Photo courtesy of Scott Joseph's Orlando Restaurant Guide

This review is abridged for broadcast. Find the full version of the review at Scott Joseph’s Orlando Restaurant Guide on this page.

Columbia Restaurant in Ybor City has been around for more than 114 years, longer than any other restaurant in Florida.

A restaurant has to be doing something right to last that long. But if my recent experience is indicative of the way the restaurant operates now, it may not deserve to see another anniversary.

Few things went right when I met some friends visiting from another country. They were staying in the Tampa area, so I drove over for lunch, choosing Columbia for its history.

My friends and I were deep in conversation when I felt a tap on my right shoulder. When I turned to look in that direction, a server standing at my left started laughing, delighted that she had tricked me. I wonder what training manual she read that said a good way to start out with your guest is to make him look foolish. Perhaps that’s in the same chapter that says a server should do whatever he or she needs to do to break up a table having a conversation.

Clearly this meal was to be about her, not about us.

One of my guests ordered the Paella Española, a house specialty, even though the menu warned that it takes extra time to prepare. That’s understandable — good paella takes time.

Another guest ordered the Cuban sandwich, another specialty, and I selected the Chicken and Yellow Rice “Ybor.”
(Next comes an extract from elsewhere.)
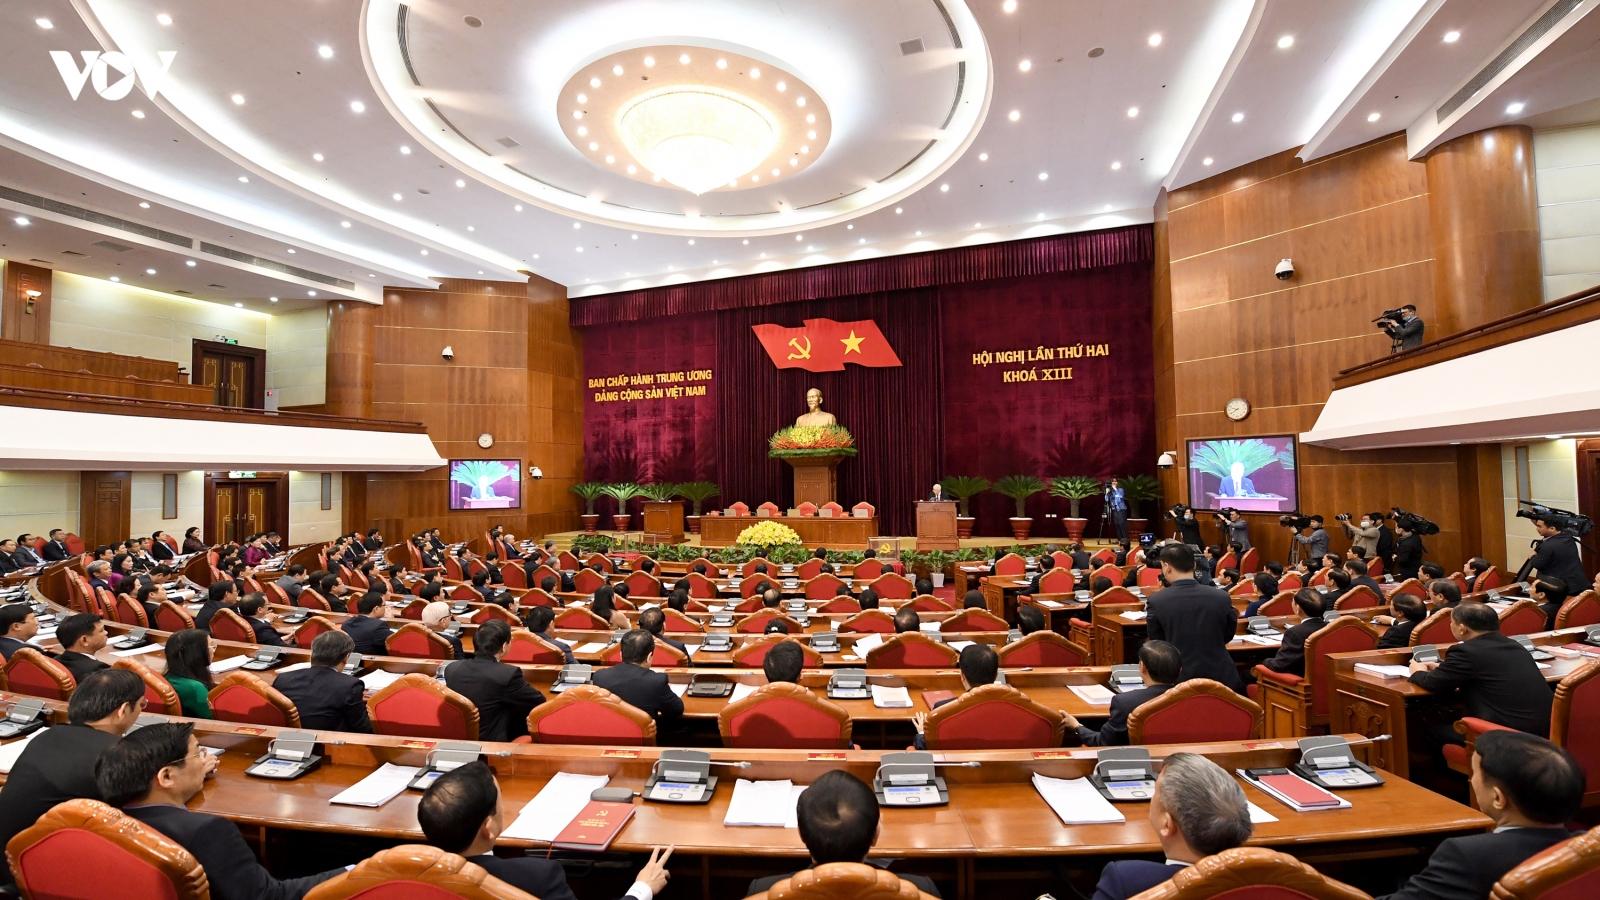 Thông cáo báo chíphiên bế mạc Hội nghị Trung ương 2, khóa XIII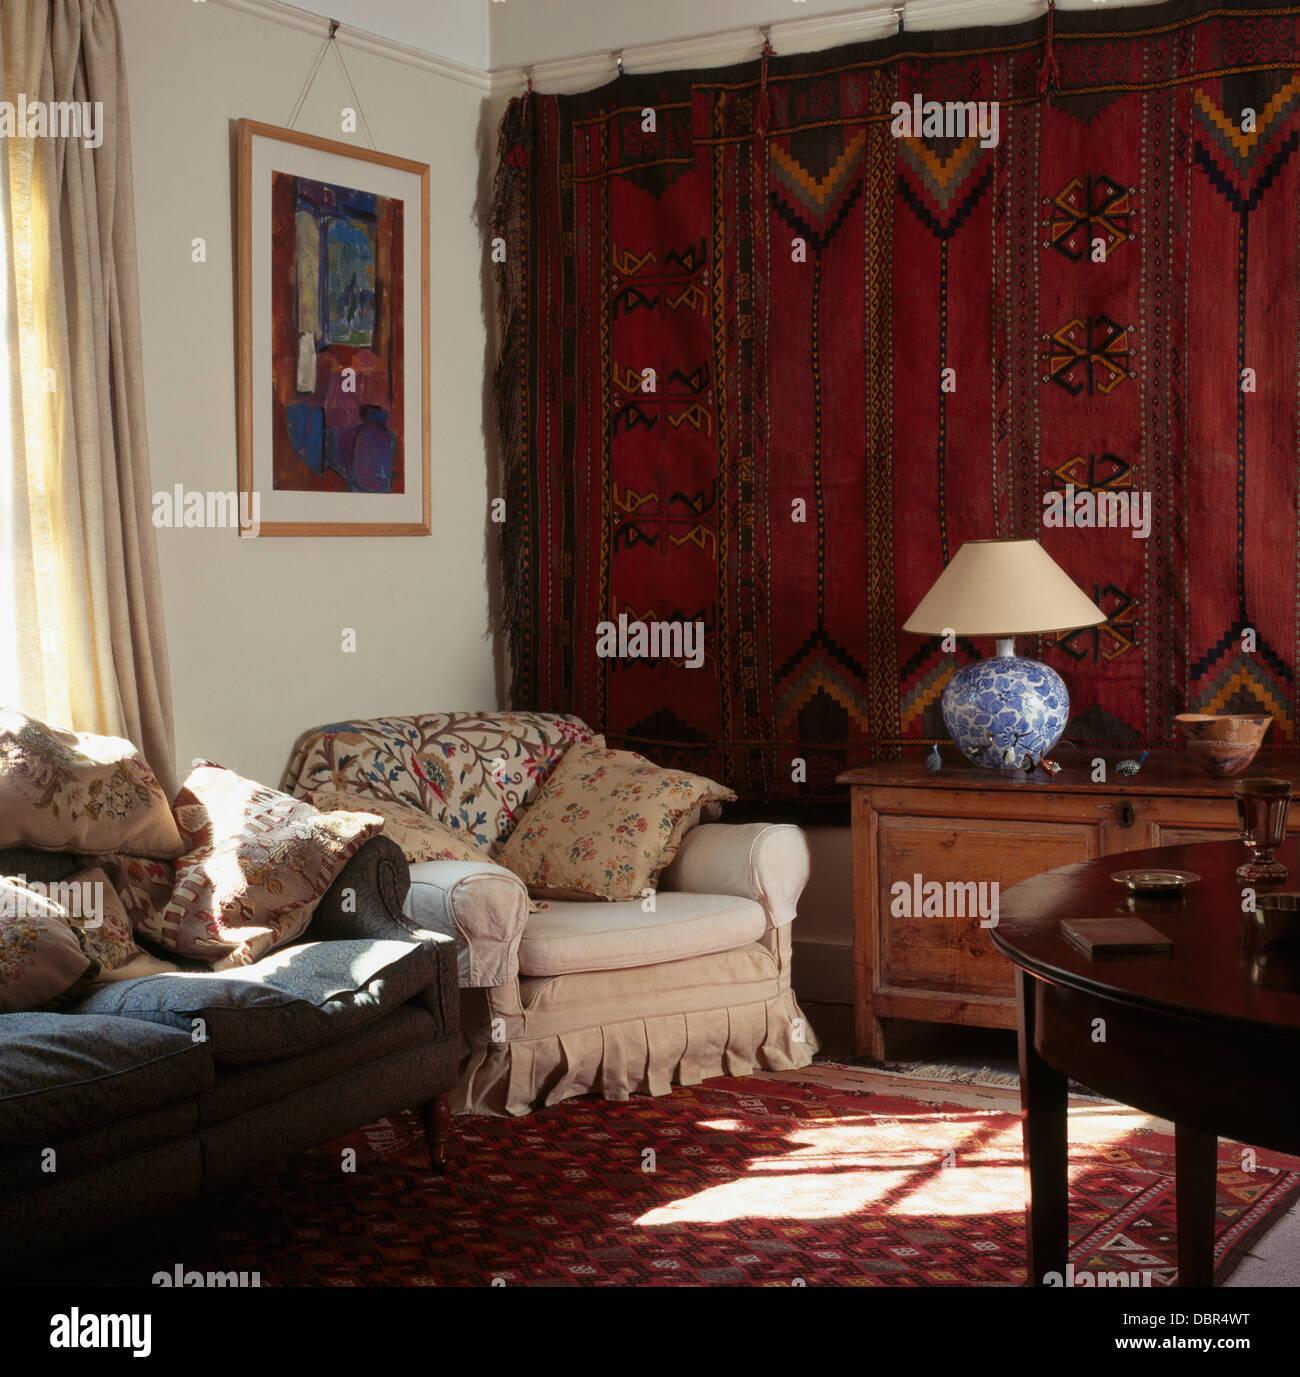 Alte Rote Perserteppich Hngt An Der Wand Im Wohnzimmer Stadthaus Mit Cremefarbenen Sessel Und Grauen Sofa

Despite the caution that the paella would take 30 minutes, all our food was delivered fairly quickly. From the quality of the rice in the paella, it seemed that the rice had been made in advance and the bits of seafood tossed into the pan for the tableside presentation.

In fact, there was no discernible difference between the rice in the paella and in my chicken dish. Both were gummy. And despite being asked if I wanted white or dark meat, I was served a chicken breast against my wishes.

Only the Cuban sandwich did not disappoint. It was loaded with the requisite pork, ham and salami, as well as Swiss cheese and tangy pickle slices.

The building is looking its age — aren’t we all! — but the historic structure could really use a facelift.

And the serving staff could use some retraining.